JIE Dissertation Listing

Author: Edgar Günther Hertwich
Title: Toxic Equivalency:  
Addressing Human Health Effects 
in Life Cycle Impact Assessment
Institution: Energy and Resources Group, UNIVERSITY OF CALIFORNIA, BERKELEY
Date: 22 May 1999
Advisor: Catherine P. Koshland, William S. Pease 
Key Words: Life-Cycle Assessment, Impact Assessment, Human Health, Potential Dose, Fugacity
How to Obtain: The dissertation can be obtained from UMI (http://www.umi.com/hp/Products/Dissertations.html) or from the author, Edgar Hertwich, LCA Laboratory, Norwegian University of Science and Technology, Kolbjørn Hejesvei 2b, 7034 Trondheim, Norway, Tel. +47-73-59 8280, Fax +47-73-59 0110, hertwich@design.ntnu.no.
 Abstract: Comparative evaluation rests on science to describe actions of environmental stressors and on values to judge the detriment of the consequences.  A step-wise comparison, starting with similar stressors, simplifies the analysis.  To clarify the interaction between science and values, I suggest to distinguish among factual, normative, and relational truth claims.  Relational claims address the relation of factual knowledge and values and should follow the rules of logic.  Arguments about impact assessment method development are relational and need to refer to normative judgments as well as scientific knowledge to be rational.
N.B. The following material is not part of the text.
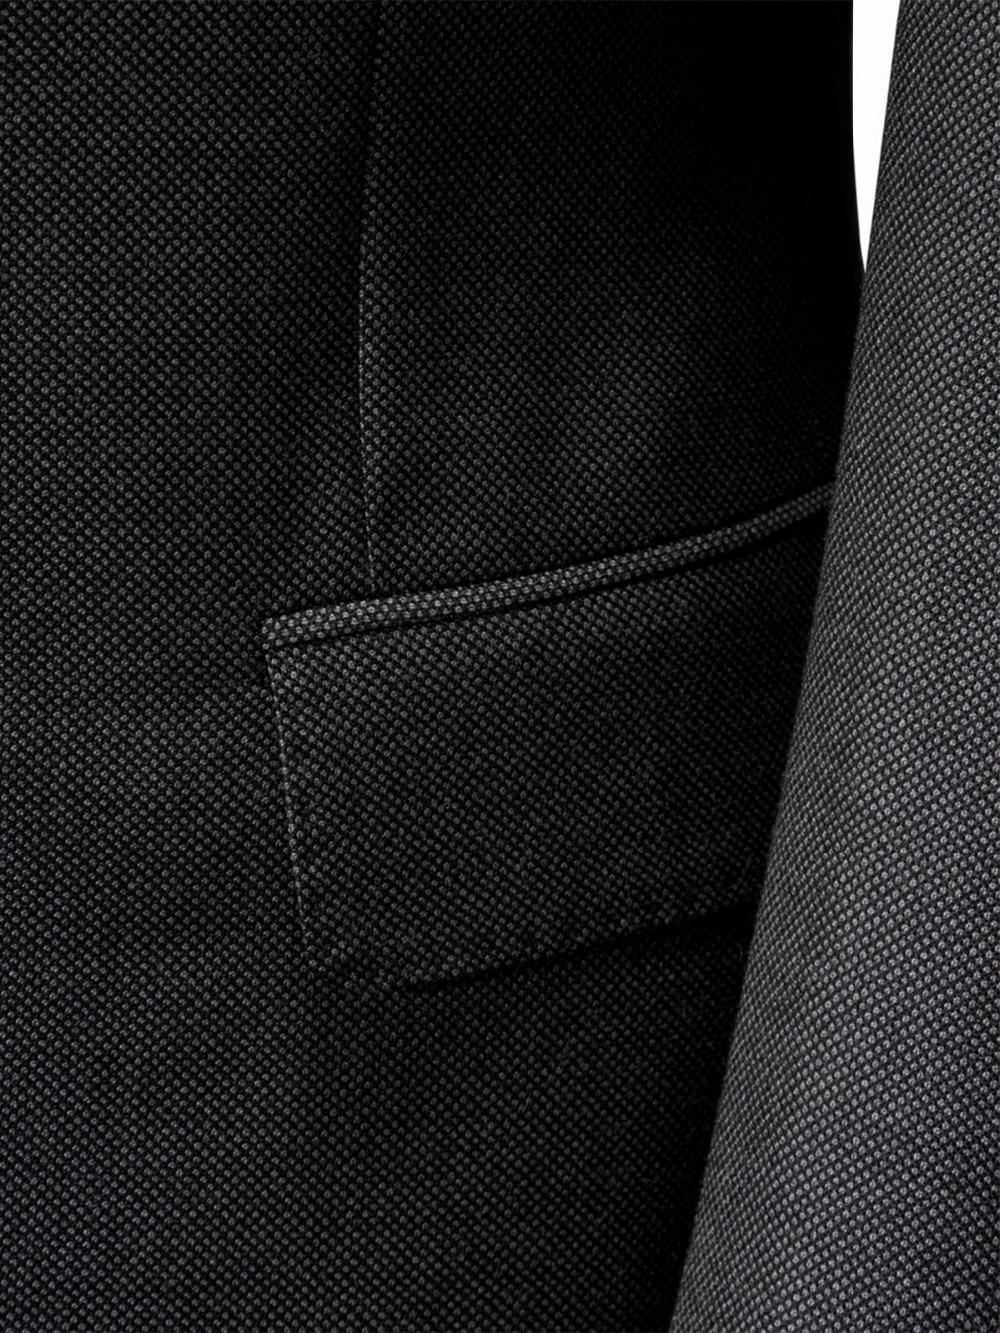 2019 Dark สีเทา Nailhead ชุดสมัยใหม่ Essential สำหรับปีสวมใส่รอบ Custom Made Slim Fit ชุดธุรกิจชุด Bestseller-ใน สูท จาก เสื้อผ้าผู้ชาย บน   2
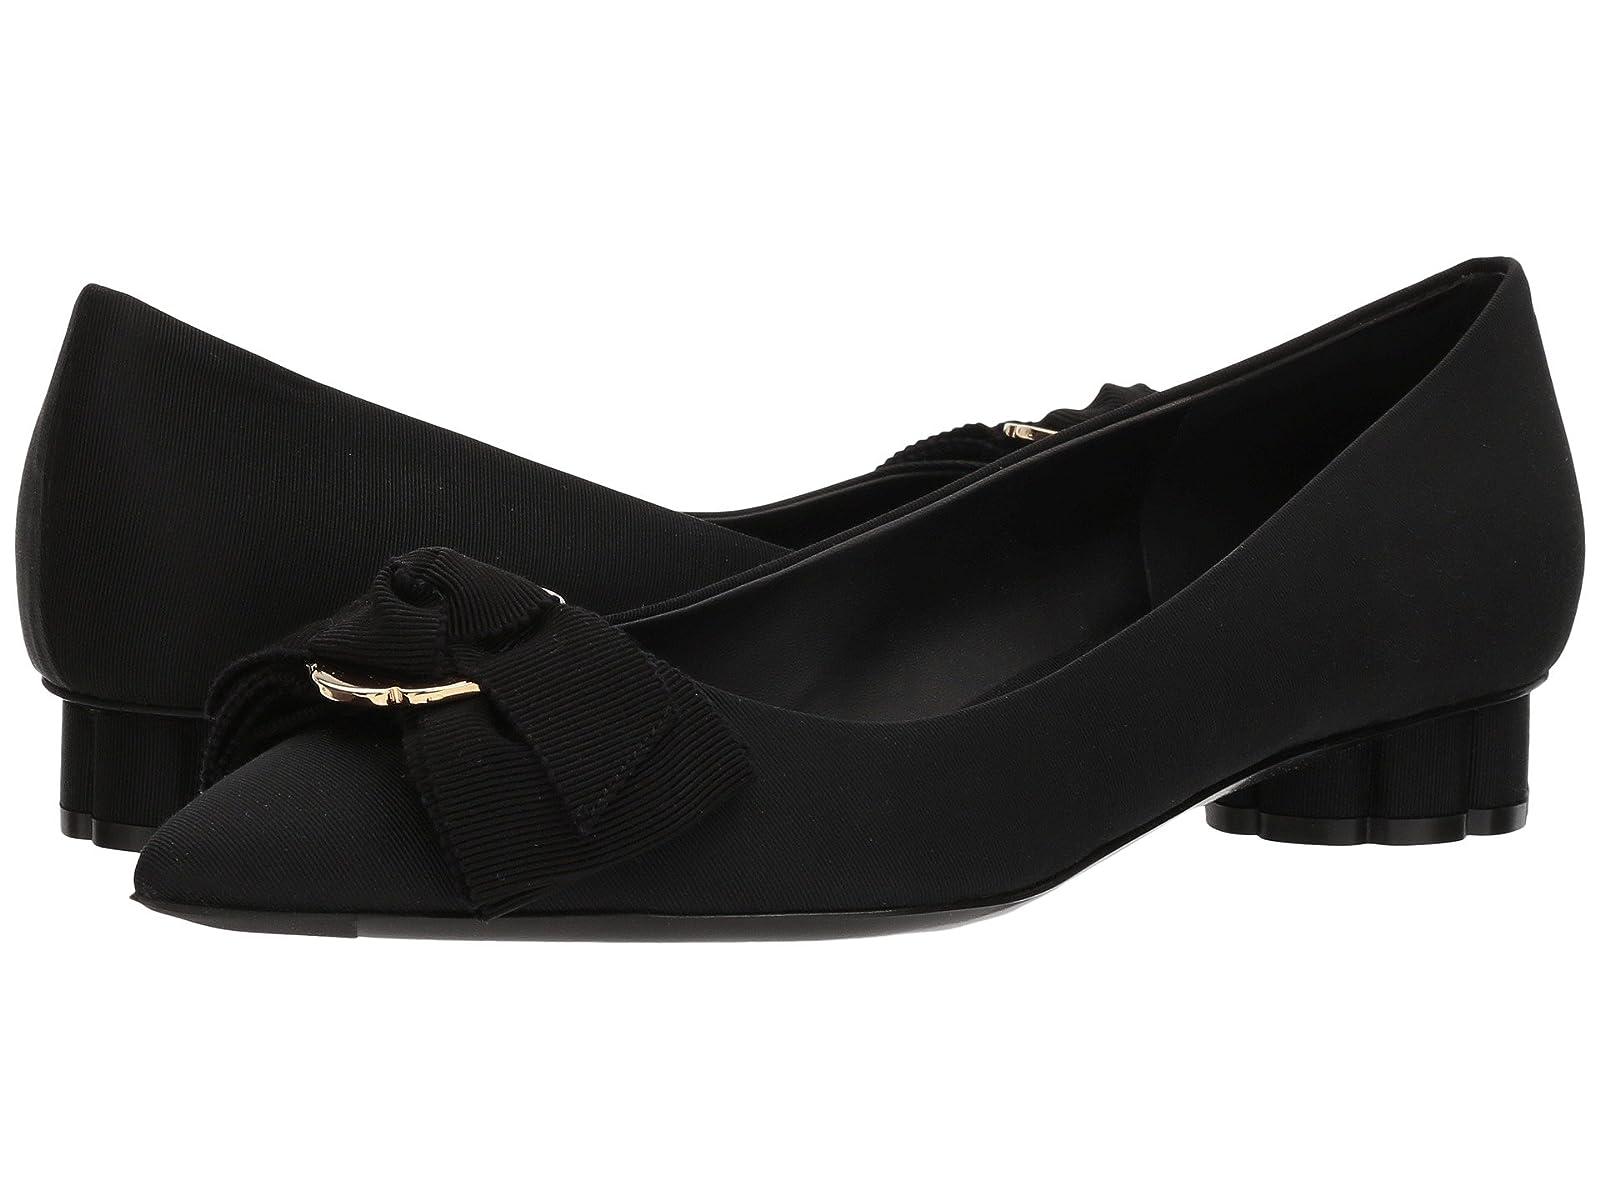 Salvatore Ferragamo Talla 20Cheap and distinctive eye-catching shoes

A decision-analytic framework provides a consistent, systematic structure for impact assessment.  Similar stressors, such as toxic chemicals, are evaluated by constructed attributes, such as HTP.  These attributes relate to our fundamental objectives through causal relationships. Decision analysis provides criteria for method development.
The comparative evaluation of environmental stressors serves to support environmental policy as well as private pollution prevention efforts.  This thesis addresses the evaluation of toxic emissions in product life-cycle assessment, and it provides a framework and theoretical foundation for such comparative evaluations.  The Human Toxicity Potential developed here, as well as the structure of the broader assessment, is applicable to other decision support tools in Industrial Ecology and environmental policy.

The Human Toxicity Potential (HTP) is a weighting factor that expresses the release of a toxic chemical in terms of an equivalent release of a reference chemical.  It is based on the toxicity of a chemical as well as its potential dose.  Applicable measures of toxicity are U.S. EPA’s cancer potency and reference dose.  The potential dose is evaluated by a multimedia, multiple pathway fate and exposure model, CalTOX.  CalTOX determines pollutant concentrations in uniformly mixed environmental compartments from intercompartmental mass transfer equations. It models exposure pathways using partitioning and biotransfer relationships.  The potential dose is based on exposure media concentrations, diet, and activity pattern.
A systematic uncertainty analysis addresses parameter, model, and decision-rule uncertainty as well as variability in the potential dose.  It serves to increase the confidence in HTP and to provide the information necessary to evaluate the reliability of decisions based on this indicator.